[Task to carry out] Please repeat only the lines below starting at the line that holds "von der Europäischen" and ending at the line that holds "A BREAK (decaf)", exactly, with both of those lines included and every picture omitted.

[Records supplied]
BEGIN
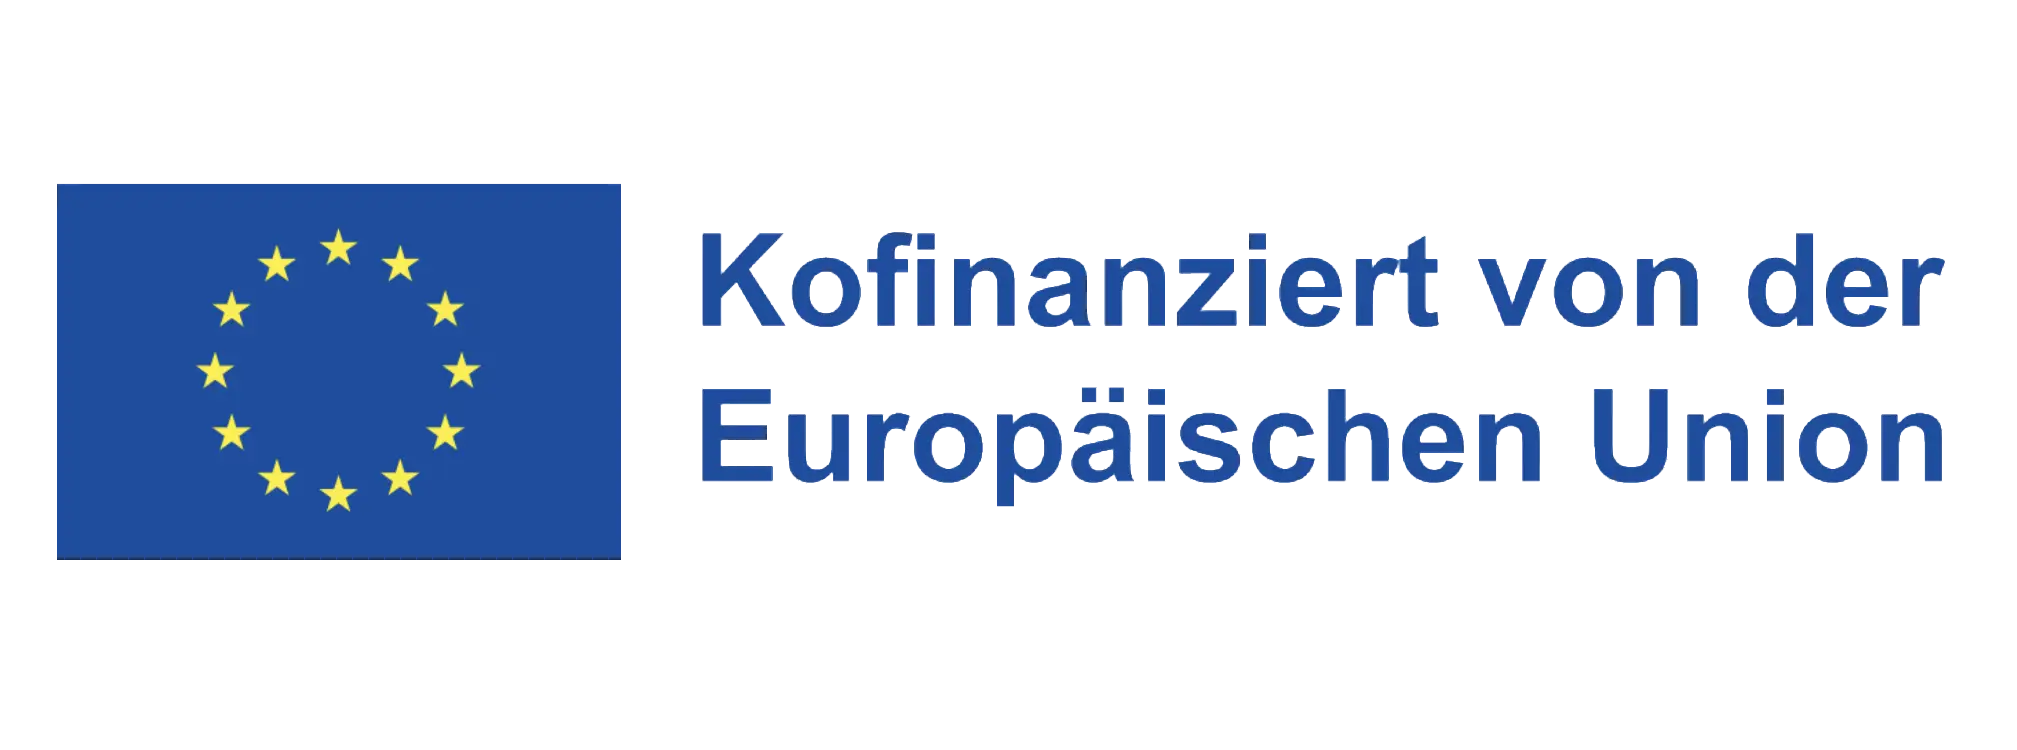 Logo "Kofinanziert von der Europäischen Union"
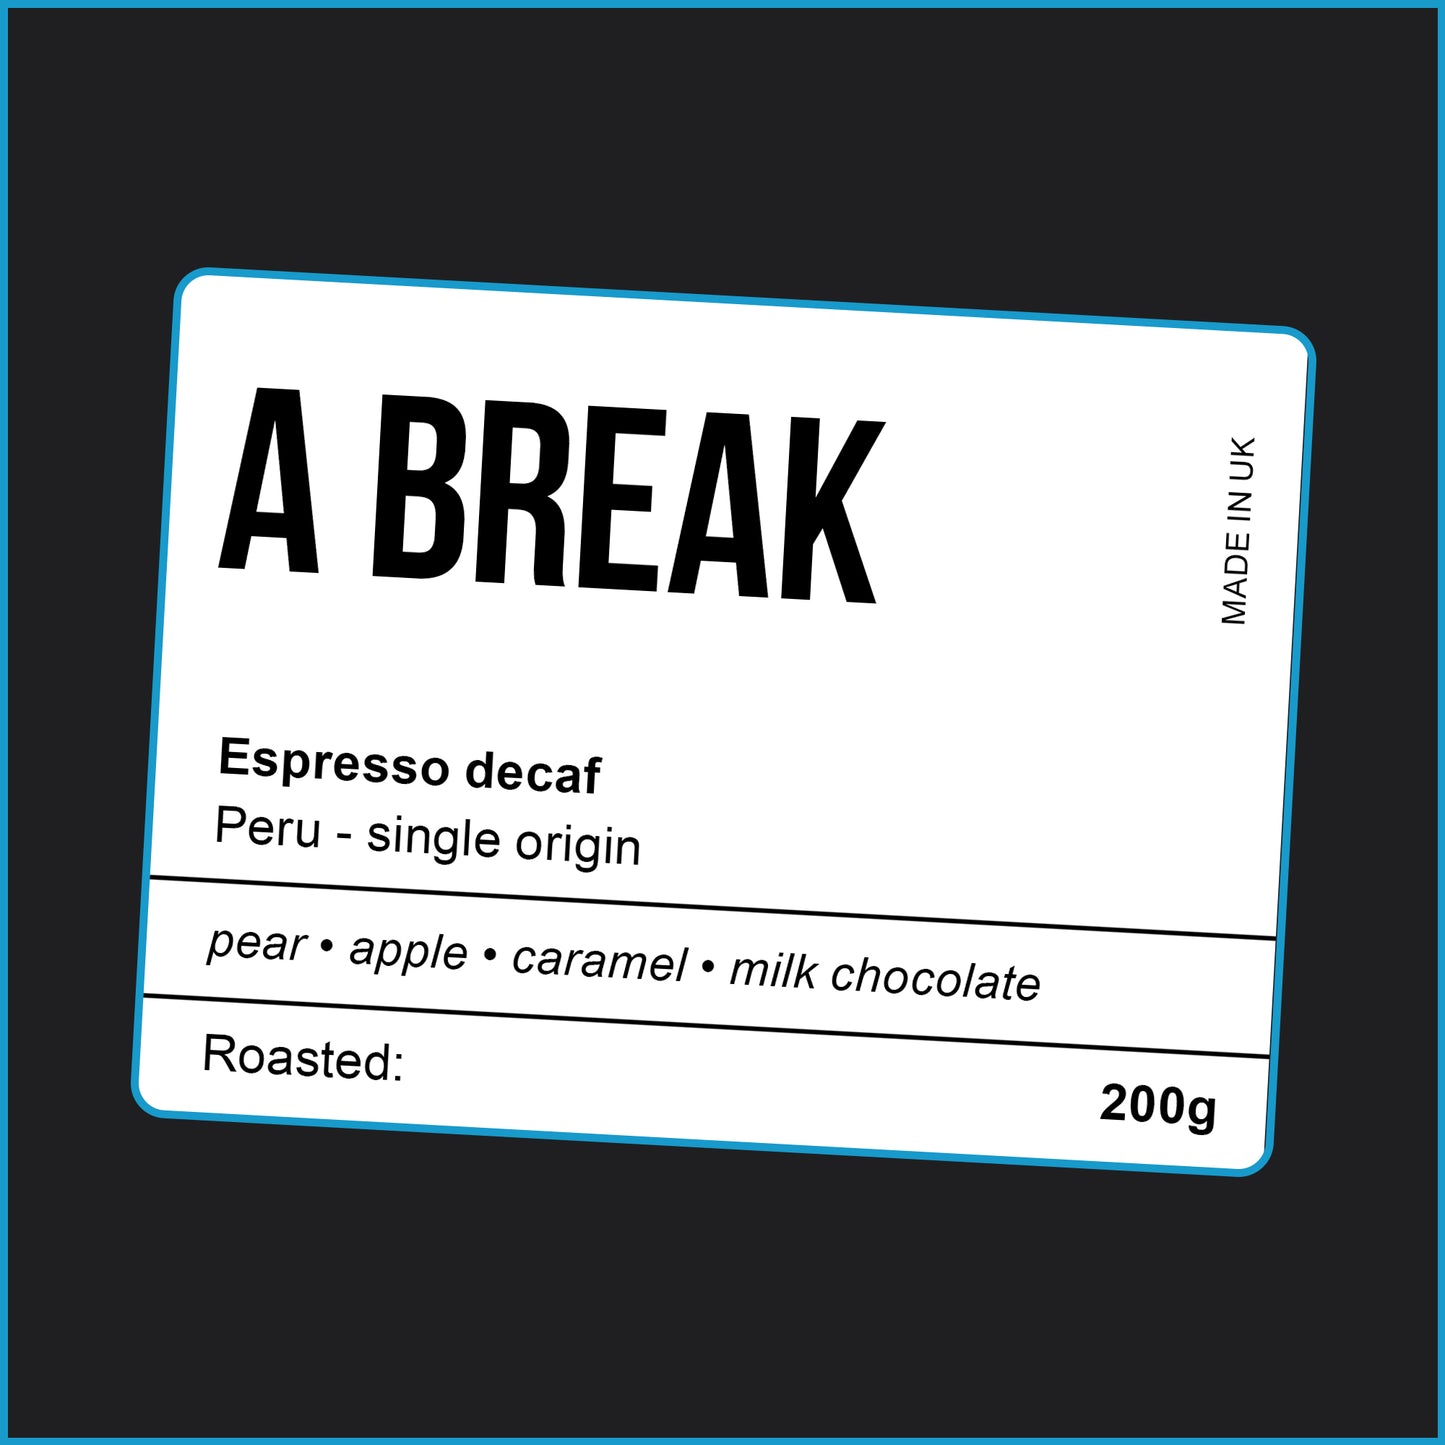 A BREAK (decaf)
END
BEGIN
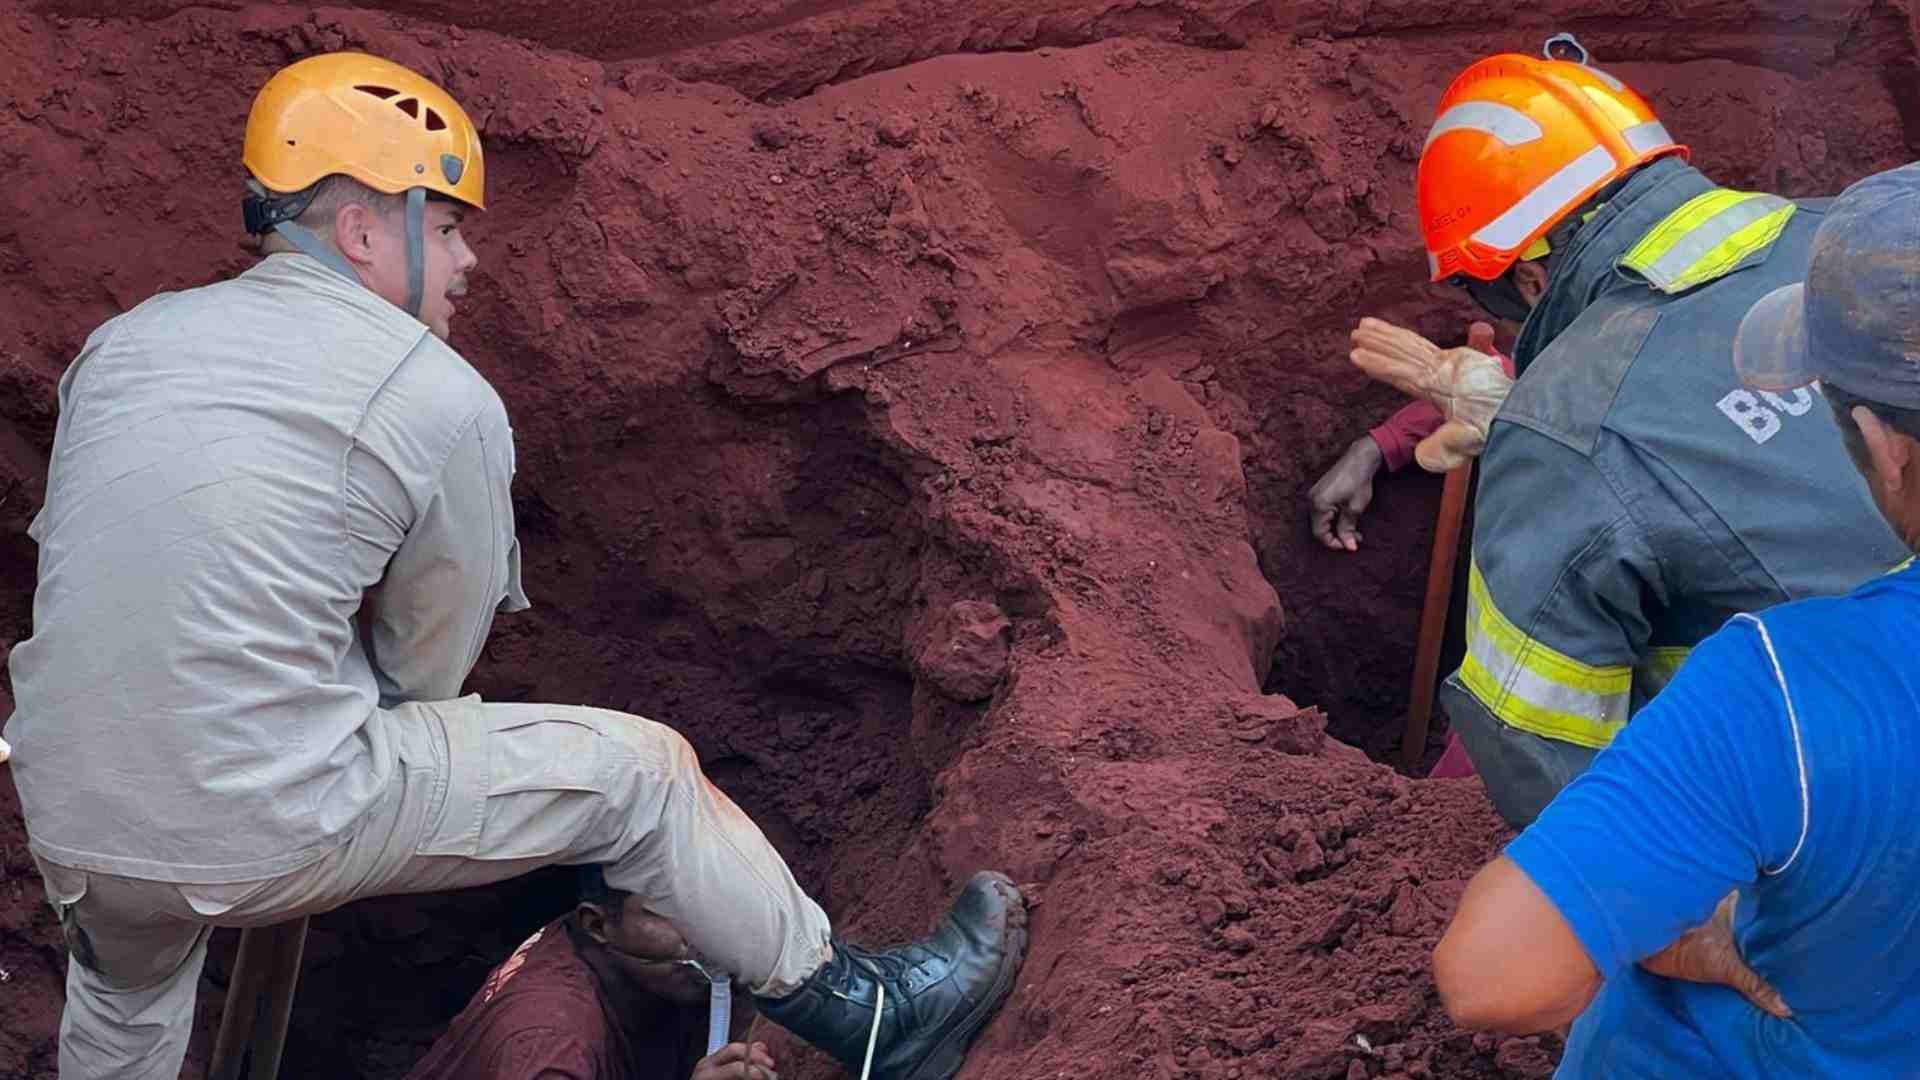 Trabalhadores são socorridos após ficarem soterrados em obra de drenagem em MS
END
BEGIN
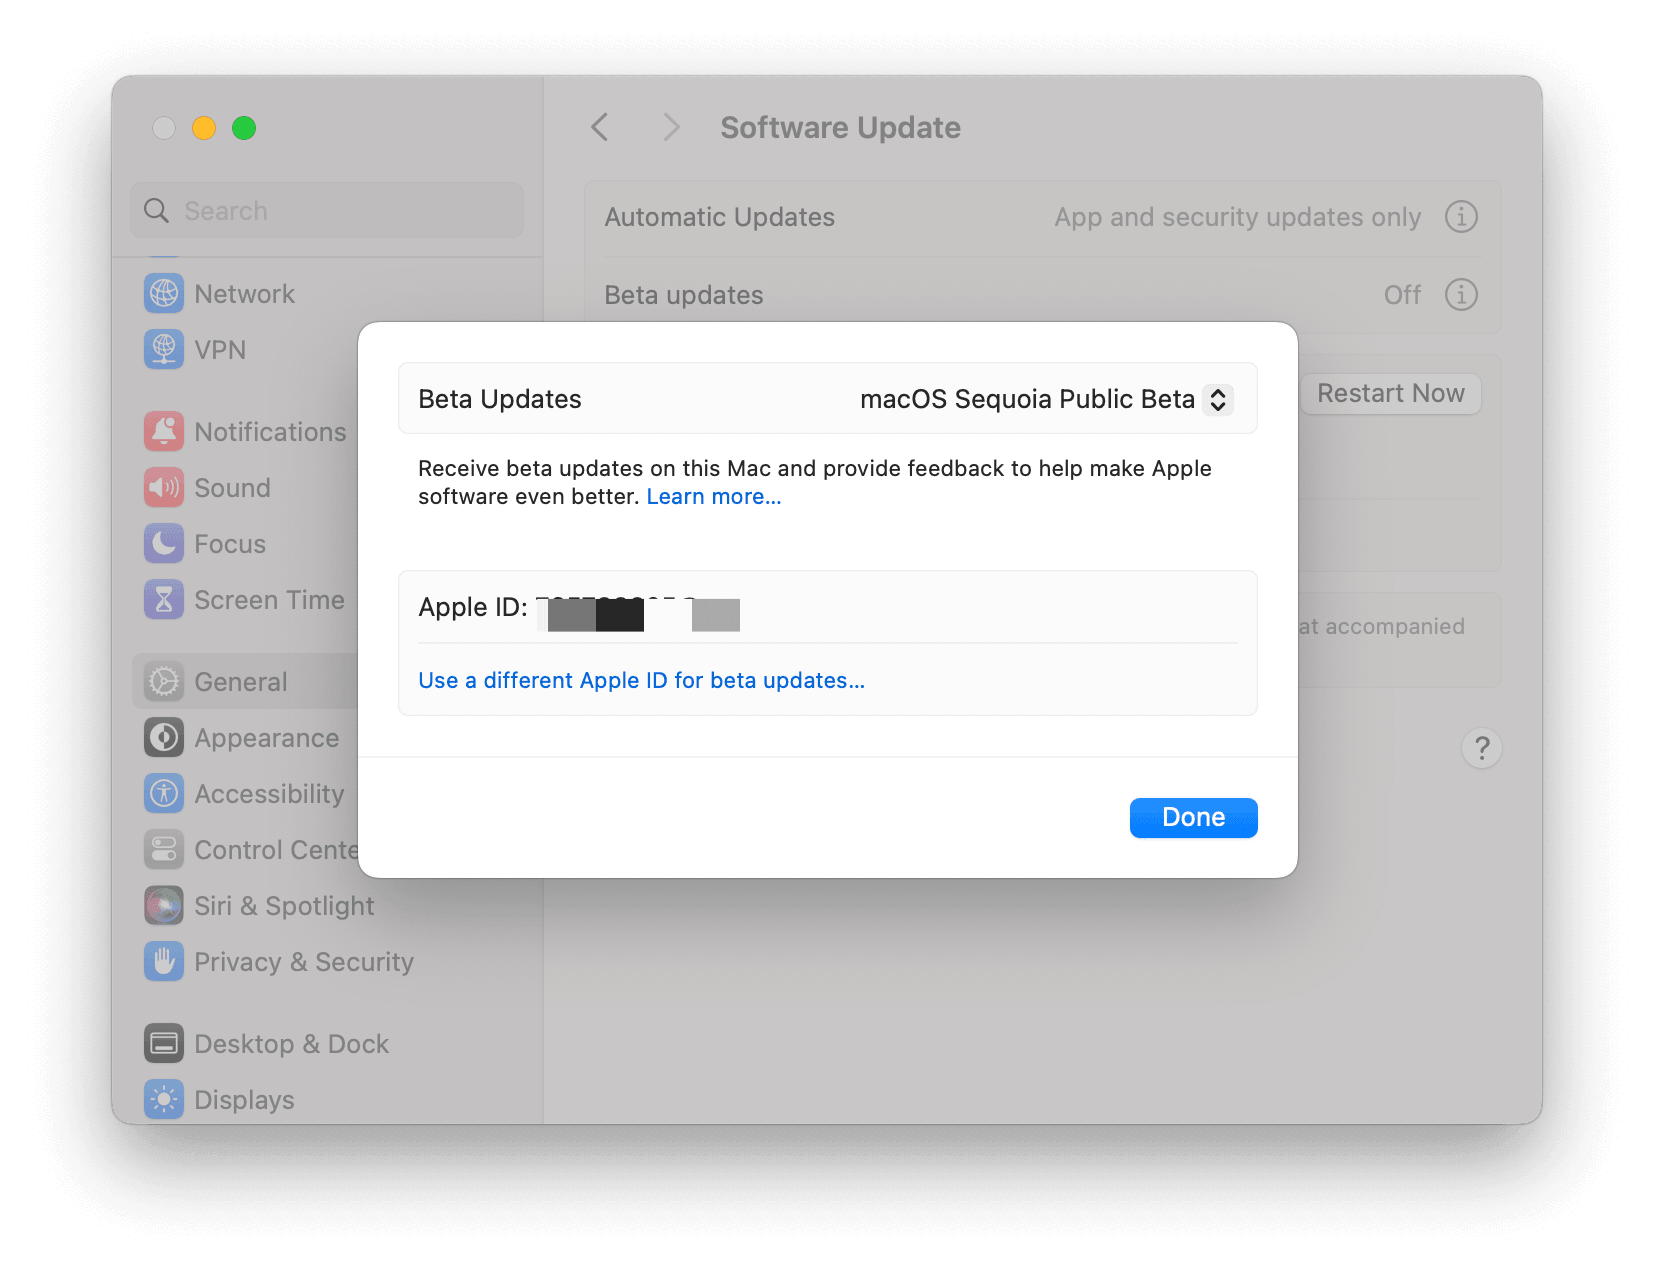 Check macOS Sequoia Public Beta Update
END
[Task output]
 Logo "Kofinanziert von der Europäischen Union"
 A BREAK (decaf)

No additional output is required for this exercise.